Fairies, indeed! She decided furiously that the lazy policeman was probably trying to take the mickey out of a tourist.
Her thoughts turned to the vicar’s wife, Mrs Bloxby. Agatha knew that Mrs Bloxby did not approve of her ongoing love for James Lacey and felt irritated. She should be sympathetic, understanding and supportive. Still, surely the whole reason for her flight to Norfolk, apart from the fortune-teller’s prophecy, was to get James out of her hair. Not for a moment would she admit to herself that the real reason was because she wanted him to return to Carsely, find her gone and miss her.

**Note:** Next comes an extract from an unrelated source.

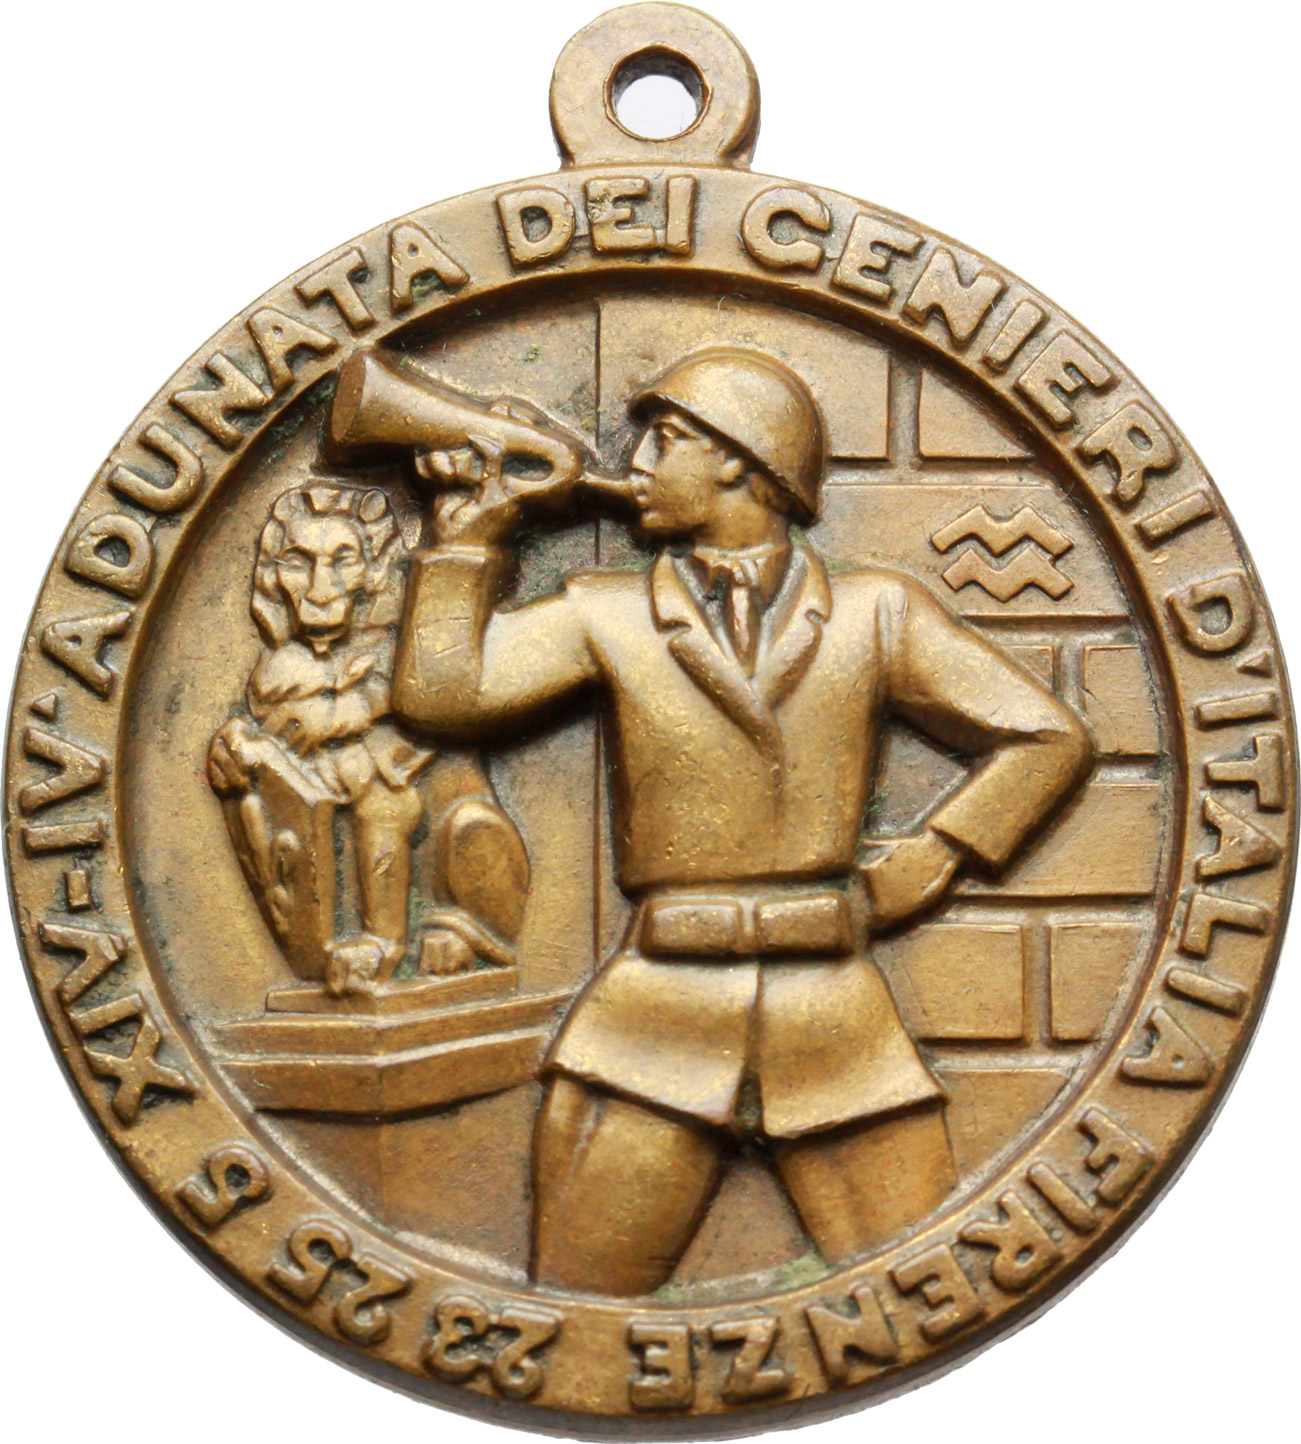 D/  Medaglia Associazione Nazionale Arma Genio. IV adunata dei genieri d'Italia, Firenze, 23-25 5 XIV.     AE.   mm. 35.50    SPL.

She tried to jerk her thoughts back to the mystery of the dancing lights, but they kept returning to the way she would behave when she saw him again and what she would say. So immersed was she in her thoughts that it was with a start of surprise she realized the clock on the dashboard was registering five minutes past four. She started the car and turned into the drive. The pine trees were thick on either side. She was just wondering if she would ever reach the house when she turned a bend in the drive, and there it was, a square eighteenth-century building like a hunting-box, with a Victorian servants’ wing stuck on one side. It had a small porticoed entrance with a very new coat of arms stuck on top. Two heraldic beasts supported a shield. Agatha squinted up as she got out of the car but could not make out the details. What had the Trumpington-Jameses put on their shield? Bathroom showers rampant?
She rang the bell at the side of the door. Lucy Trumpington-James answered the door wearing a gold silk Armani suit and a quantity of gold jewellery, chains round the neck and bracelets on her thin wrists.

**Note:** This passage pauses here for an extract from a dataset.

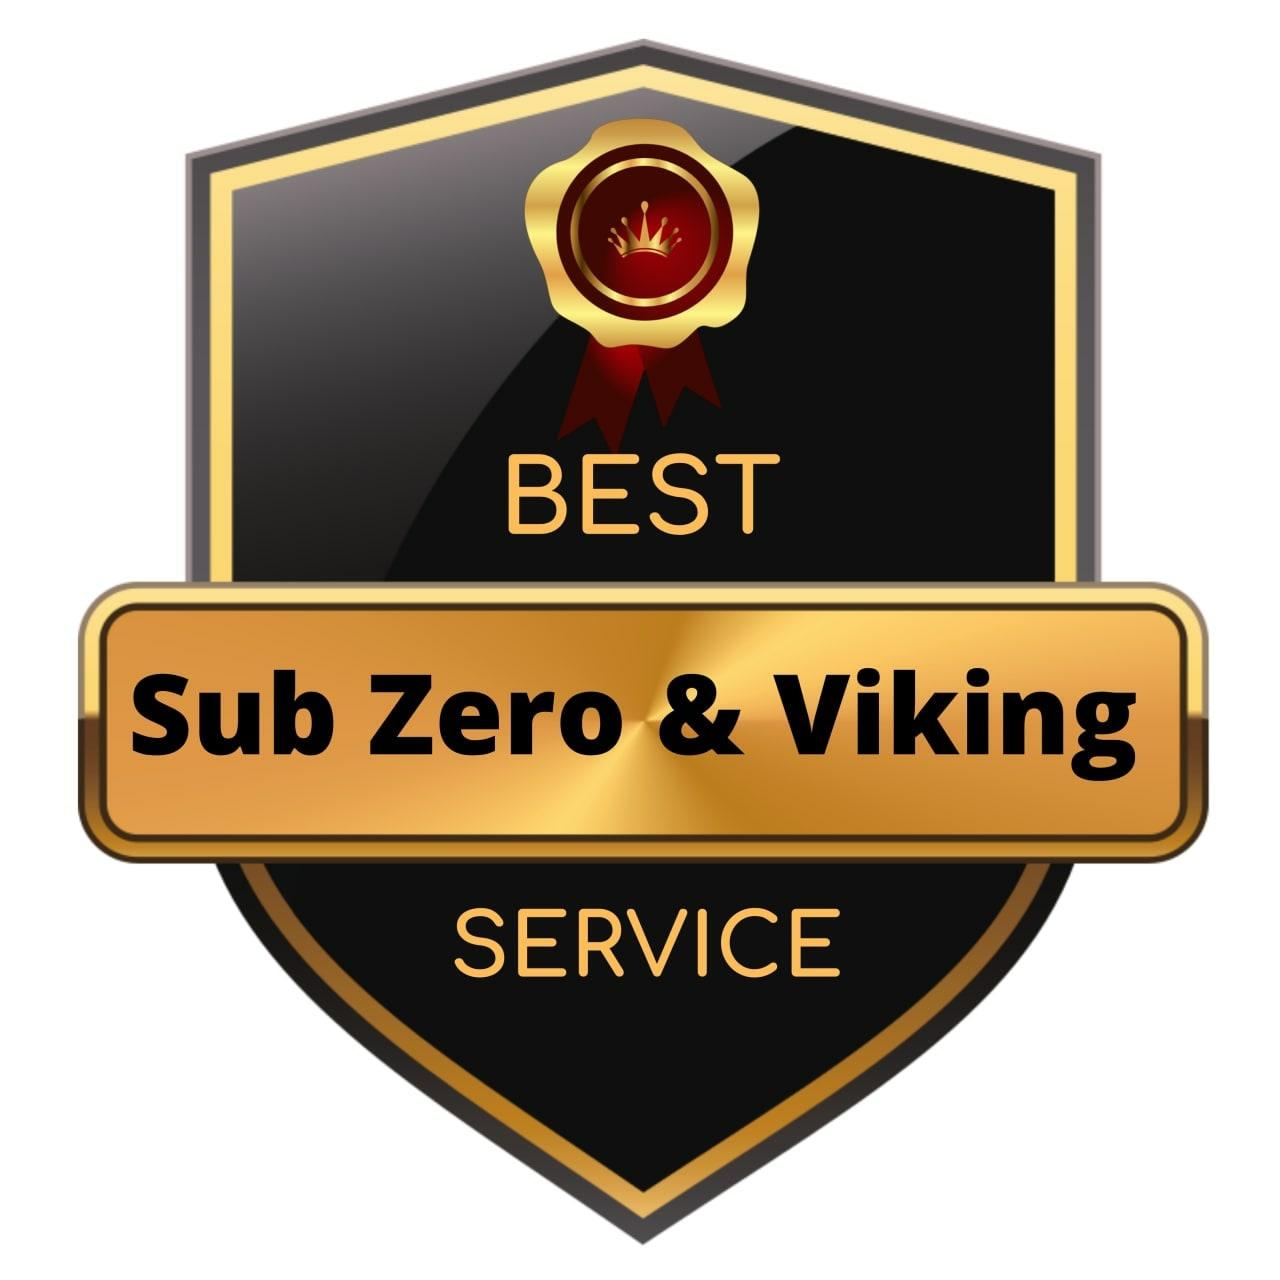 BEST SUB ZERO & VIKING SERVICE logo

‘Come in,’ she said. ‘Tolly’s in the drawing-room.’
Agatha followed her across a dark hall with console tables topped with Chinese vases of autumn leaves. Harriet’s work?
The drawing-room came as a shock to Agatha, who had been expecting something country-house with chintz, Persian rugs, and oil paintings. There were two large oatmeal sofas in front of the fire, the sort you made up of blocks of chairs. In front of them was an oblong black-lacquered table. The walls were painted blood-red and the fitted carpet was a gleaming expanse of white. The paintings were modern abstracts. The side tables were of white lacquer and covered with photo frames holding pictures of the Trumpington-Jameses out hunting, at parties, at Henley, at Ascot and various other fashionable places. A black-lacquered wall unit held a television set, a CD player and very new and unread-looking books. The fire was one of those electric fake-log ones. The room was bright, lit by a crystal chandelier overhead, and by angular brass standard lamps in the corners.
‘Do sit down, Mrs Raisin,’ said Tolly Trumpington-James, rising to meet her. He was wearing a hacking jacket and cavalry-twill trousers. His Tattersall shirt was open at the neck.
‘Call me Agatha,’ said Agatha, sitting down. She scanned the room for signs of an ashtray but could see none. She gave a little sigh, but at least it would keep her off fags for an hour.
Lucy rang a bell in the wall beside the fireplace. Its summons was answered, not by a neat maid, but by a fat, surly-looking woman in a stained gingham pinafore.
‘We’ll have tea now, Betty,’ said Lucy.
‘And then I’m off,’ said surly Betty. ‘You’ll need to clear up yourselves.’ She clumped off in a pair of battered boots.
‘Help these days,’ said Lucy, raising her eyes. ‘Do you have trouble with help, Agatha?’
Not so long ago, the old Agatha, intimidated at being in a manor house, would have invented colourful stories about a whole regiment of servants. Now she simply said, ‘I don’t have any trouble back home. I have an excellent cleaning woman who comes in twice a week.’
‘Lucky you,’ sighed Lucy. ‘I sometimes wish we had never come here.’
‘Why did you?’ asked Agatha curiously.
‘Made my pile,’ said Tolly. ‘Wanted a bit of country life. Get a bit of hunting.’
‘And because he wants to act the squire, we’re stuck here,’ said Lucy with a light laugh.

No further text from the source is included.